-------- PROVIDED DATA --------

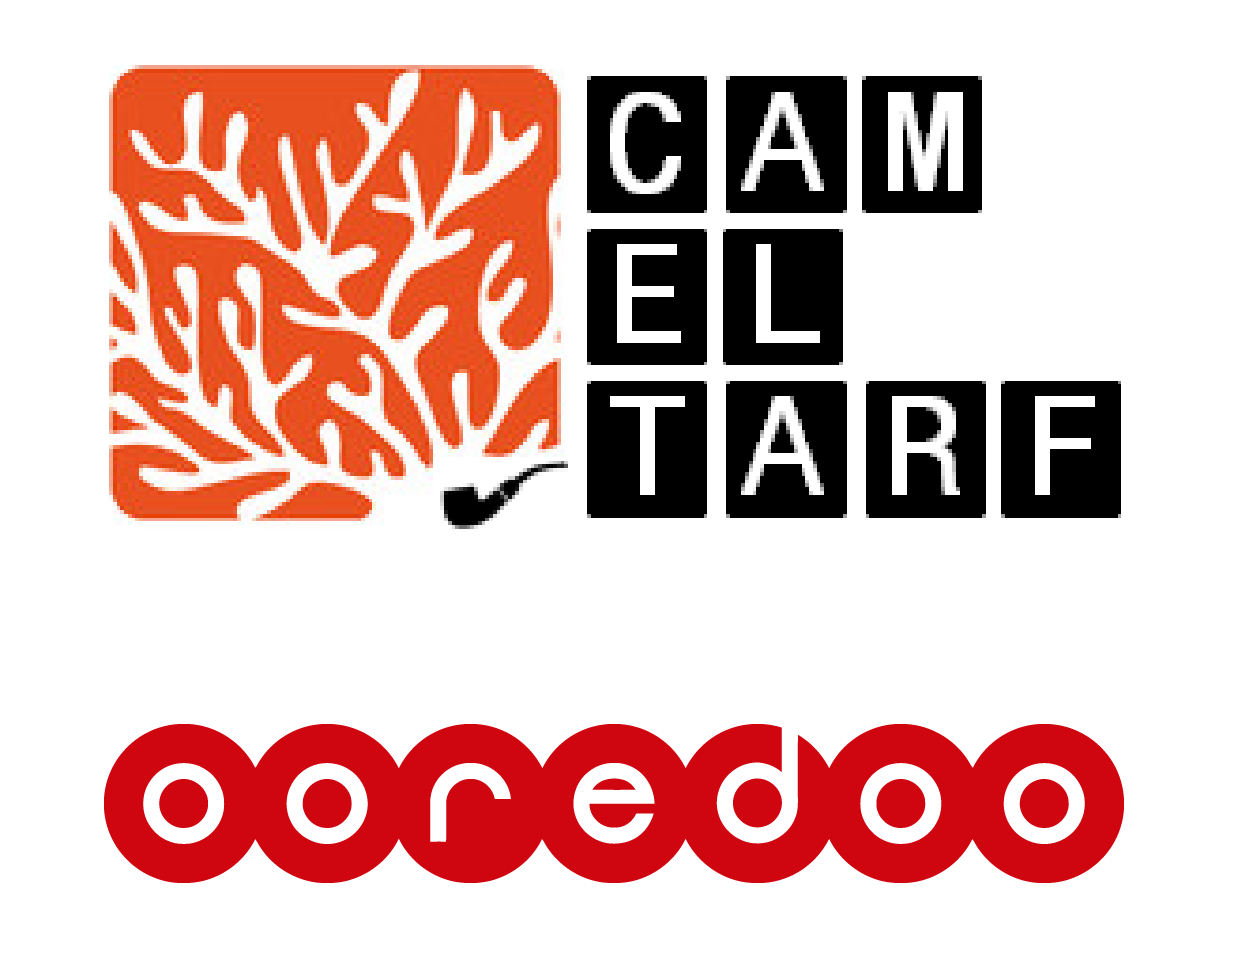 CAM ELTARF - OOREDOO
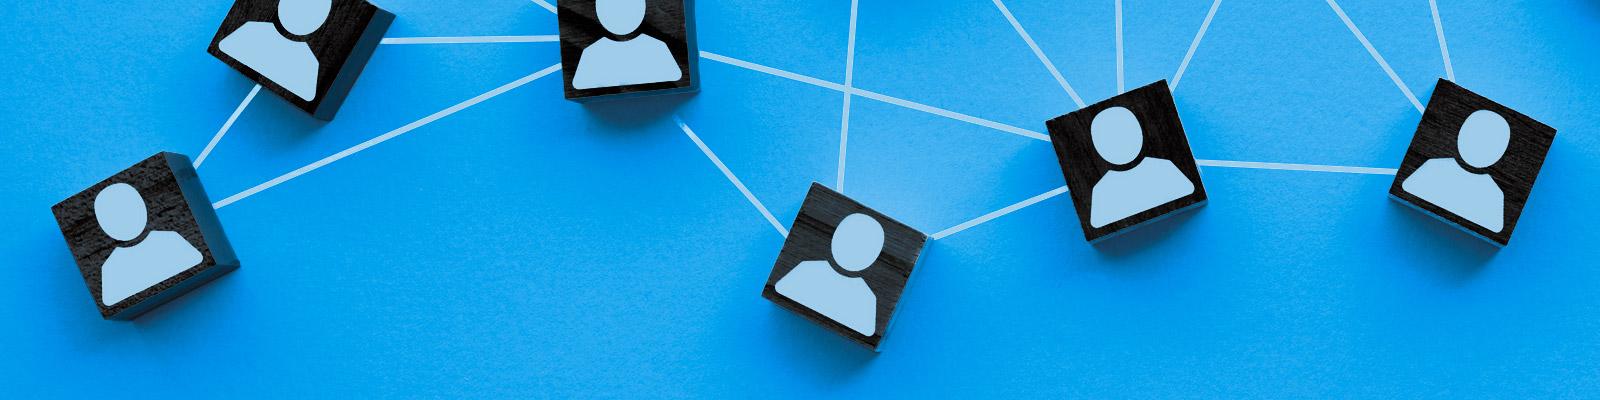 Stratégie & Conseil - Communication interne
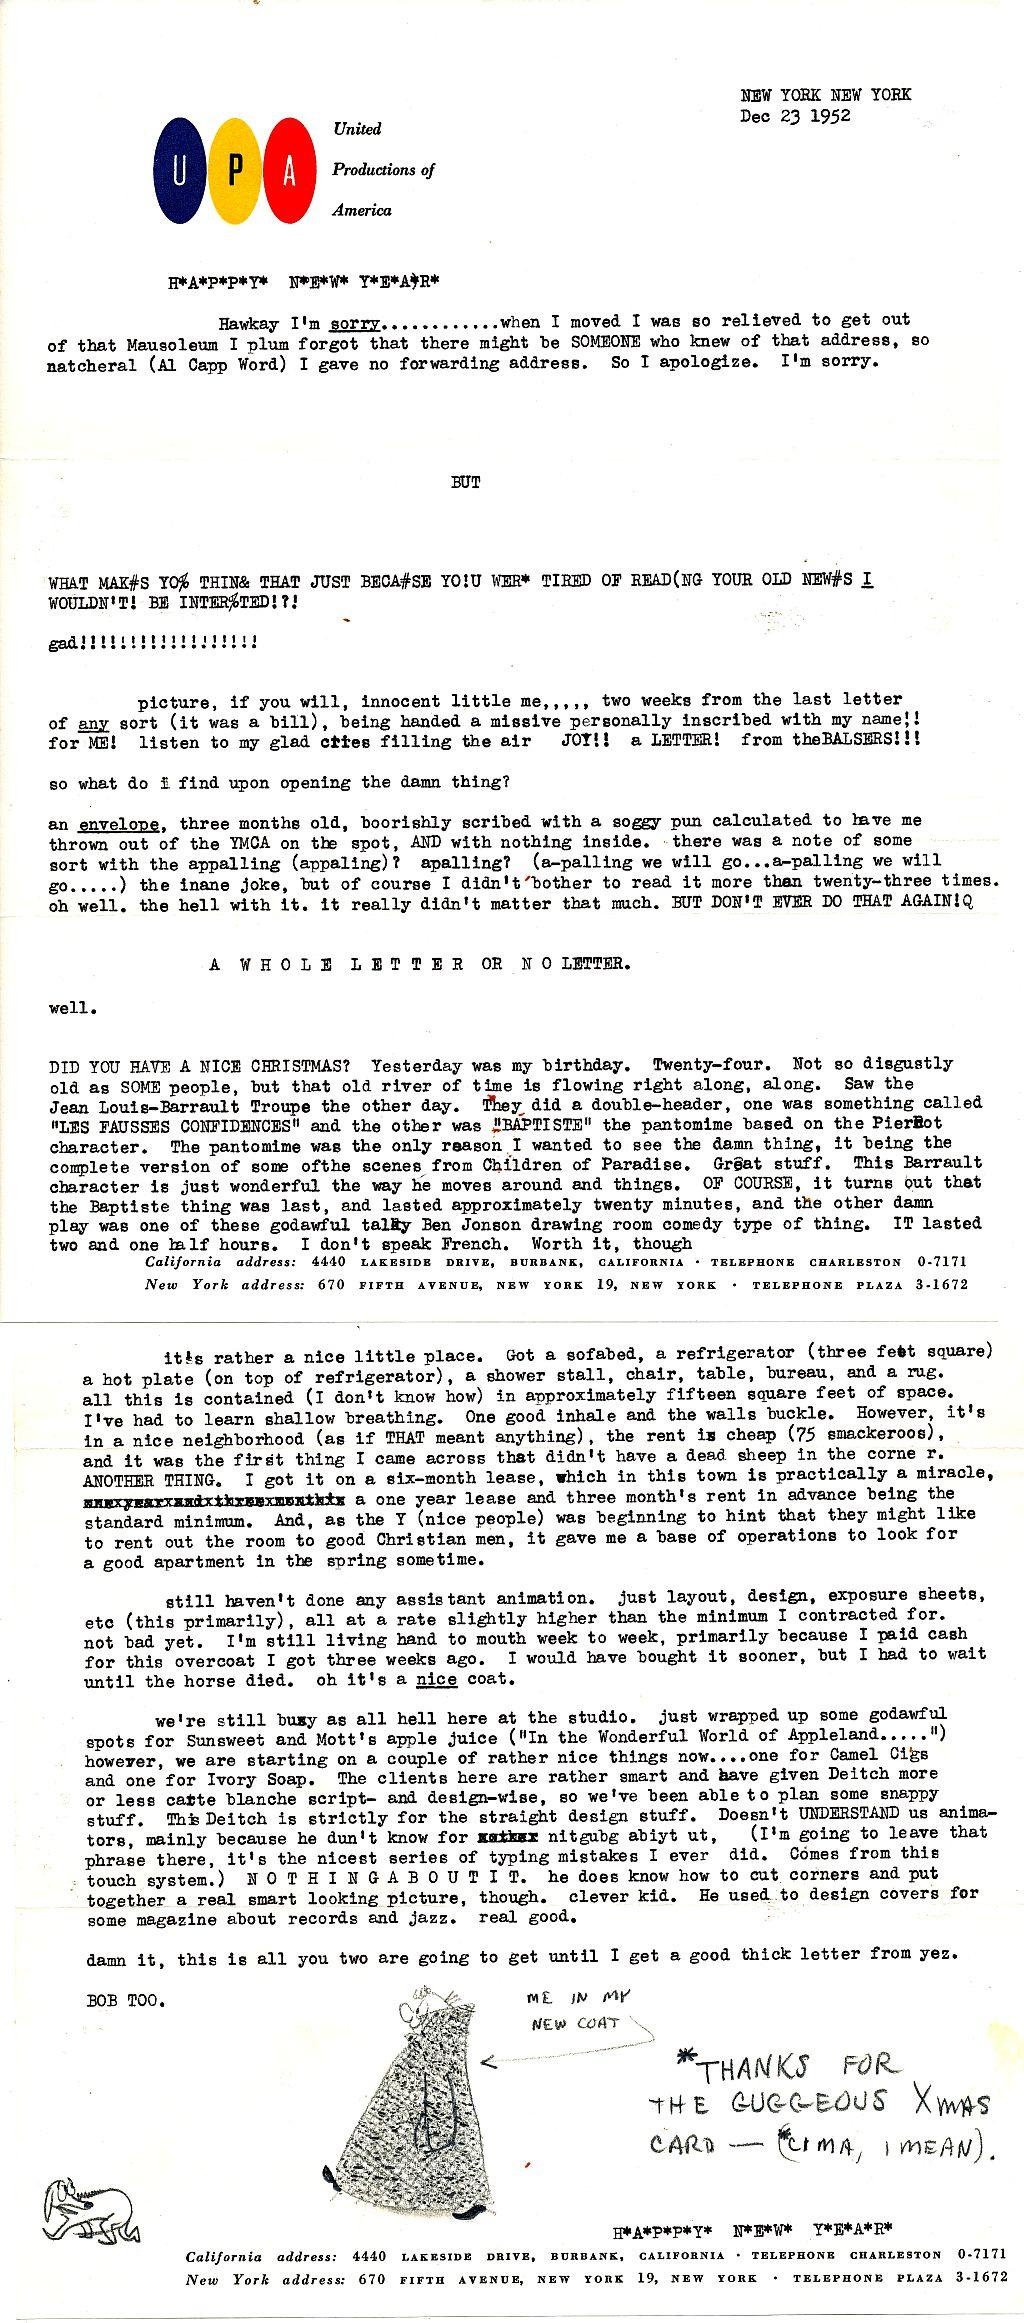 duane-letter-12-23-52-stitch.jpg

--------

■ **WHAT IS NEEDED**: Transcribe everything above exactly. Do not include the pictures.

■ **RESPONSE TO THIS TASK**:
 CAM ELTARF - OOREDOO
 Stratégie & Conseil - Communication interne
 duane-letter-12-23-52-stitch.jpg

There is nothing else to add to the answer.